Hitachi has an even neater, and more instructive, way to categorise smart manufacturing use cases. It sets about the task of industrial transformation by posing three simple, but pointed, questions. “What if you could predict and prevent production downtime? What if you could predict and prevent production bottlenecks? What if you could predict and prevent production defects?”

The point is to eliminate, or at least manage and reduce, downtime, bottlenecks, and defects. The first describes the availability of a factory; its uptime might be impacted by machine breakages, staff absences, or missed deliveries. Kinsey offers up a version of ‘predictive maintenance’ as a basis for operational excellence. He does not care for the term, however. “It’s over-used, and mis-used,” he says. Instead, Hitachi deals in ‘predictive downtime’, which describes the challenge, rather than the solution.

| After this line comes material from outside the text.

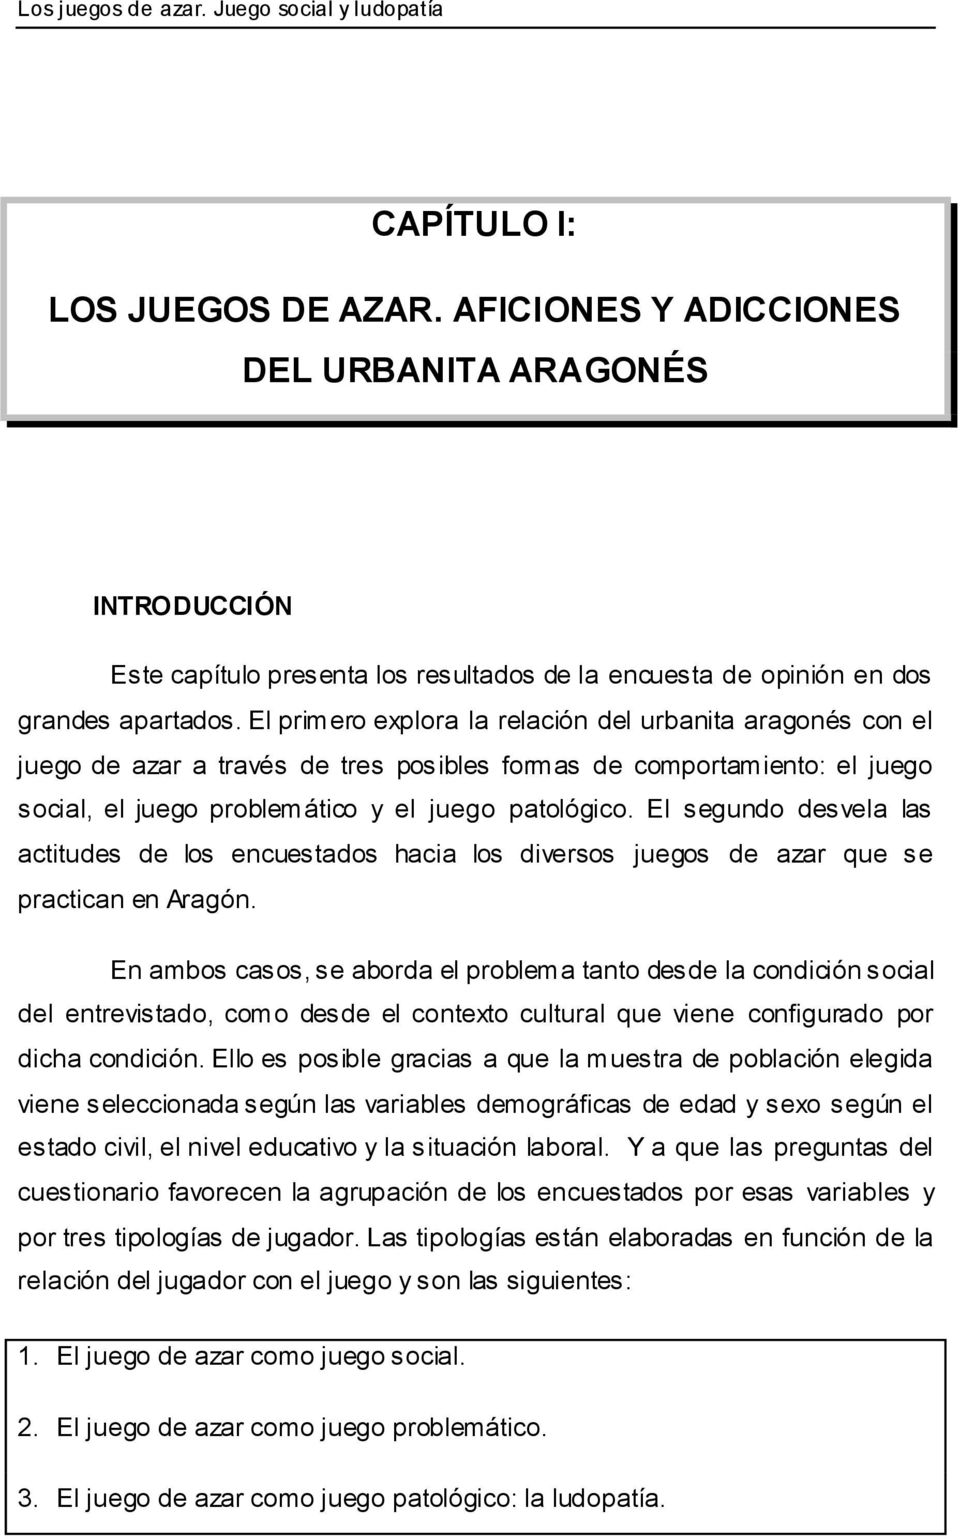 El primero explora la relación del urbanita aragonés con el juego de azar a través de tres posibles formas de comportamiento: el juego social, el juego problemático y el juego patológico.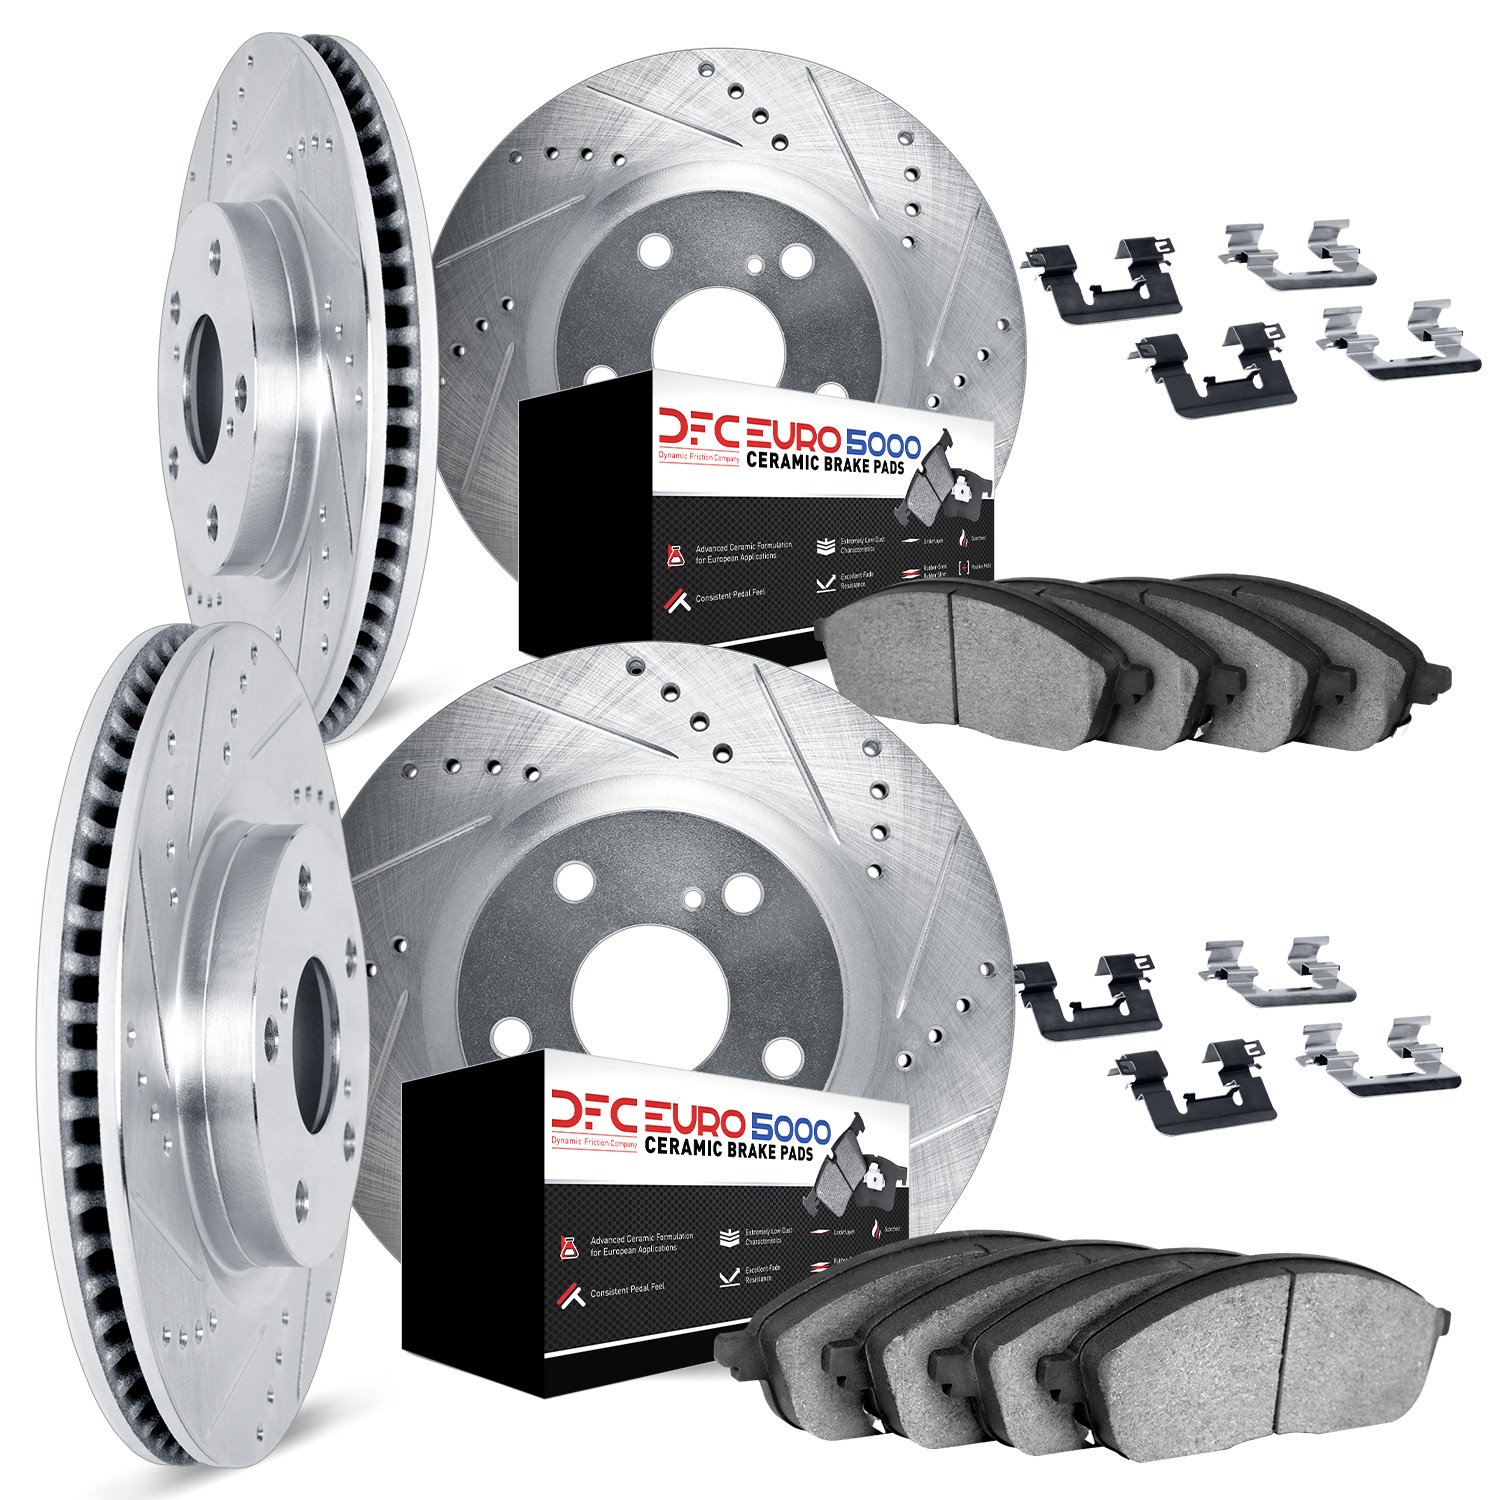 7614-67002 Drilled/Slotted Brake Rotors w/5000 Euro Ceramic Brake Pads Kit & Hardware [Silver], 2011-2019 Infiniti/Nissan, Posit

“If a machine is broken, or people don’t show up to work, or the trucks don’t deliver, then you have downtime,” explains Kinsey.

The second question, about bottlenecks, covers how factories use their capacity most efficiently, avoiding production delays from mis-managed workflow. Like GE, Hitachi developed its smart manufacturing techniques for its own purposes first. It hit upon the technique for ‘dynamic scheduling’ at its site in Ōmika, in Japan. “We developed an algorithm to predict bottlenecks before they happen,” says Kinsey. Dynamic scheduling works on the same big-data principles as the classic analytics-based prescription for quality control, as described in the Auerlia gold mining case (see full report).

“It looks at a number of factors – incoming orders and outgoing materials; the flow through the factory. The more you know, the more you can anticipate change.”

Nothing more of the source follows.